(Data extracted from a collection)
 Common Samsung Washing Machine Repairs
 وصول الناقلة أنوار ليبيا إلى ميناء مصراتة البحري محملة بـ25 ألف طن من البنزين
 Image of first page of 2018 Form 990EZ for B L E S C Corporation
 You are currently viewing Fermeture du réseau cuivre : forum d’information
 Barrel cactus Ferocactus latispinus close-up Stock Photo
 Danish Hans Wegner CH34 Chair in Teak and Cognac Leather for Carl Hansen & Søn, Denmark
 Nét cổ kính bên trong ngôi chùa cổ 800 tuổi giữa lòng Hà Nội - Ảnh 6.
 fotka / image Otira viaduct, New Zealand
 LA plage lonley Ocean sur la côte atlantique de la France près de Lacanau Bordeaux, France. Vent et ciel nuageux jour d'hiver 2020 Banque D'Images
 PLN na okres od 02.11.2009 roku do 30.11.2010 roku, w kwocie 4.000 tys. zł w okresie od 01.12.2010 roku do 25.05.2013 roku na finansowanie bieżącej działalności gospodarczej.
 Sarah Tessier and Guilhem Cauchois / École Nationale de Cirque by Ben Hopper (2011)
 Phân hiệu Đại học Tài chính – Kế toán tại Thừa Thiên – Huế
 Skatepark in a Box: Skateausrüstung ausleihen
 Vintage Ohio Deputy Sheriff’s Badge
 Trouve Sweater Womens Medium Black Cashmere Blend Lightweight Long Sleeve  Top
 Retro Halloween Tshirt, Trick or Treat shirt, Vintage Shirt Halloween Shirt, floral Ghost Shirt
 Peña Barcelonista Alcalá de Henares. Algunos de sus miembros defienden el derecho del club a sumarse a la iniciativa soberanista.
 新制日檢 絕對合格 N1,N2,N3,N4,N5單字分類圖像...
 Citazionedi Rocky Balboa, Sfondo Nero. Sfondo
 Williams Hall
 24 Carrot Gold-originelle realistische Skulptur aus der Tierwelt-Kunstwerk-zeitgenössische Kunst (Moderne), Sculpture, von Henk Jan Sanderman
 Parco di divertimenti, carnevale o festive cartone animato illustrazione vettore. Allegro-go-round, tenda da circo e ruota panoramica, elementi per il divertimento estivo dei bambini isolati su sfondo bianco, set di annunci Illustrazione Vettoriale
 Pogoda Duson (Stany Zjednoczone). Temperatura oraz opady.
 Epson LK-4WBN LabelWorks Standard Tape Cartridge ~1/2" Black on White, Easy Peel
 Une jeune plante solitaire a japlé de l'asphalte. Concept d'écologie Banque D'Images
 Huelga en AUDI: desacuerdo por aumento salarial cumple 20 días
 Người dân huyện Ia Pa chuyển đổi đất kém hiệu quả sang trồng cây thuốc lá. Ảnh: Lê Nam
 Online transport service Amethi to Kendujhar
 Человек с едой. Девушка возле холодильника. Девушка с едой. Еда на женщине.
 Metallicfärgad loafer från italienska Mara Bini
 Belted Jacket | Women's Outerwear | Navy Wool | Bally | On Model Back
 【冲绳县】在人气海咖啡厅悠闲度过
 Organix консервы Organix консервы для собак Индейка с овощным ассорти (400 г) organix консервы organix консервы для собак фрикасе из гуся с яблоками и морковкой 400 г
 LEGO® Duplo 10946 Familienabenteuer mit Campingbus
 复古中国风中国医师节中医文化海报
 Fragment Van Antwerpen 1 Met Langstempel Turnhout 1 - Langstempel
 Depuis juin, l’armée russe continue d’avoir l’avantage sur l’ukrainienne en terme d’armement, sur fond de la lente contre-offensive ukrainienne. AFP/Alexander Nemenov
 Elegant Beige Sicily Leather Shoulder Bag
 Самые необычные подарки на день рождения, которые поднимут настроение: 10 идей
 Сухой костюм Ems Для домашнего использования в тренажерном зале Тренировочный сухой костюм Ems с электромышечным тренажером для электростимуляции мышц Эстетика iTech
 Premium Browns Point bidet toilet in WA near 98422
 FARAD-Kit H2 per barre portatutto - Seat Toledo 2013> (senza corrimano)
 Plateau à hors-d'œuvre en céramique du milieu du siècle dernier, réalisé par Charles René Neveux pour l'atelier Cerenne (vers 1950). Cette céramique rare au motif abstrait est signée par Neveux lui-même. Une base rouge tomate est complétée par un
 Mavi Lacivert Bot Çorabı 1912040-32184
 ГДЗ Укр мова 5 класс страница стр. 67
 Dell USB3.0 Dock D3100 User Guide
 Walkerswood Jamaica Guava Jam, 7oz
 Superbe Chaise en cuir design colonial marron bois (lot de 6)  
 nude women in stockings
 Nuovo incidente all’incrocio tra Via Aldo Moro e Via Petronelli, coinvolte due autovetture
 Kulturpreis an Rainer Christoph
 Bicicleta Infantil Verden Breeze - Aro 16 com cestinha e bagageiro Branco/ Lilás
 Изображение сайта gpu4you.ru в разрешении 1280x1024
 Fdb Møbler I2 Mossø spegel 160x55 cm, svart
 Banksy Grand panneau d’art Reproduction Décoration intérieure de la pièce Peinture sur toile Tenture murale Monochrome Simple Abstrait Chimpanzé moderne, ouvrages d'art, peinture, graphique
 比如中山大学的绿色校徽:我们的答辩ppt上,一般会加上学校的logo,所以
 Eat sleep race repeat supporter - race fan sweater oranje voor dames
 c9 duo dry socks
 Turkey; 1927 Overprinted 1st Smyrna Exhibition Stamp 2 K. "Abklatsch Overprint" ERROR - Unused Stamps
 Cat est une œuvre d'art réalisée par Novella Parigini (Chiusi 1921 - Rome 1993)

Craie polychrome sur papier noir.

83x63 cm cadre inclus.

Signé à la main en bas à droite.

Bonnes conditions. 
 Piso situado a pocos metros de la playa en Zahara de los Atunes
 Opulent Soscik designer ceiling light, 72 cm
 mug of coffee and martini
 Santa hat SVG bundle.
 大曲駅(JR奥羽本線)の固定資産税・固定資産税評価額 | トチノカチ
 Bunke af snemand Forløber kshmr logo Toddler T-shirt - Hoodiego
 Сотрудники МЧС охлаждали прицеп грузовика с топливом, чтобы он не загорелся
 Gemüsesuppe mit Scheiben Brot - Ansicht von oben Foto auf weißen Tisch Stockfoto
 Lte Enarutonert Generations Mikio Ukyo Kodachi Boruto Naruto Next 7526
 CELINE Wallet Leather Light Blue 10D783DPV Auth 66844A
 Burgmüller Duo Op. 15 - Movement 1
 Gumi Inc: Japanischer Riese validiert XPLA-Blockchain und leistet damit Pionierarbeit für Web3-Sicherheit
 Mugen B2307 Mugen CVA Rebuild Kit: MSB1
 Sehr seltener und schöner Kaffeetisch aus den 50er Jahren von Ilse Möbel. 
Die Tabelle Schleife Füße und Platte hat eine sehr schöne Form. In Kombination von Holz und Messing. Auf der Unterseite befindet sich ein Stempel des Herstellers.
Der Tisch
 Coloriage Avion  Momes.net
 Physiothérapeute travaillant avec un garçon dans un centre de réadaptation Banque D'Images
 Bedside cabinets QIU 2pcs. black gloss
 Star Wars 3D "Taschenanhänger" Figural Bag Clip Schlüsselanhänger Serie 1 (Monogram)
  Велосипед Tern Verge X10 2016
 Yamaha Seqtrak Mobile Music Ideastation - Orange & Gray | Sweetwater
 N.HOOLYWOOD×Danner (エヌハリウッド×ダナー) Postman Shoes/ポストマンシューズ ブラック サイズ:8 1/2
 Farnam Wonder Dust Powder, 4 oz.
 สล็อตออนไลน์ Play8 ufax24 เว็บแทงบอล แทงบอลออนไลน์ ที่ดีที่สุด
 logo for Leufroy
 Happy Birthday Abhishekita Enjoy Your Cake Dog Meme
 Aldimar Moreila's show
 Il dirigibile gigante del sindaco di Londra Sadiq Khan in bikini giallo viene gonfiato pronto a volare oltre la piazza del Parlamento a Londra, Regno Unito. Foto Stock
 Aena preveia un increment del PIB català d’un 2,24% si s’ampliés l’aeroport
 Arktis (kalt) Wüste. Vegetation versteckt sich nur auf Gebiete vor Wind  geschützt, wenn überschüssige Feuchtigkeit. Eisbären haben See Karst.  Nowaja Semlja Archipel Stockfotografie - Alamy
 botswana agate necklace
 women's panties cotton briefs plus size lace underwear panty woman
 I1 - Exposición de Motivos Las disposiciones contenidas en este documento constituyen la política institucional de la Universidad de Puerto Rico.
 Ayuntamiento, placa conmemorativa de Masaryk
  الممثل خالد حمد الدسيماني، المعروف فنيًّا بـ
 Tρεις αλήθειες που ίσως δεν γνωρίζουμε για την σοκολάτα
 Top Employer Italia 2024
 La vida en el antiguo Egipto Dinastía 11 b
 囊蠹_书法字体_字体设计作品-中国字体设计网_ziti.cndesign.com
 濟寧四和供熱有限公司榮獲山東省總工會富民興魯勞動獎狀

What the task asks -
All lines above between those holding "Banksy Grand panneau" and "Bunke af snemand", inclusive, must be set down unchanged, and no other line may be included.

Result of this task -
 Banksy Grand panneau d’art Reproduction Décoration intérieure de la pièce Peinture sur toile Tenture murale Monochrome Simple Abstrait Chimpanzé moderne, ouvrages d'art, peinture, graphique
 比如中山大学的绿色校徽:我们的答辩ppt上,一般会加上学校的logo,所以
 Eat sleep race repeat supporter - race fan sweater oranje voor dames
 c9 duo dry socks
 Turkey; 1927 Overprinted 1st Smyrna Exhibition Stamp 2 K. "Abklatsch Overprint" ERROR - Unused Stamps
 Cat est une œuvre d'art réalisée par Novella Parigini (Chiusi 1921 - Rome 1993)

Craie polychrome sur papier noir.

83x63 cm cadre inclus.

Signé à la main en bas à droite.

Bonnes conditions. 
 Piso situado a pocos metros de la playa en Zahara de los Atunes
 Opulent Soscik designer ceiling light, 72 cm
 mug of coffee and martini
 Santa hat SVG bundle.
 大曲駅(JR奥羽本線)の固定資産税・固定資産税評価額 | トチノカチ
 Bunke af snemand Forløber kshmr logo Toddler T-shirt - Hoodiego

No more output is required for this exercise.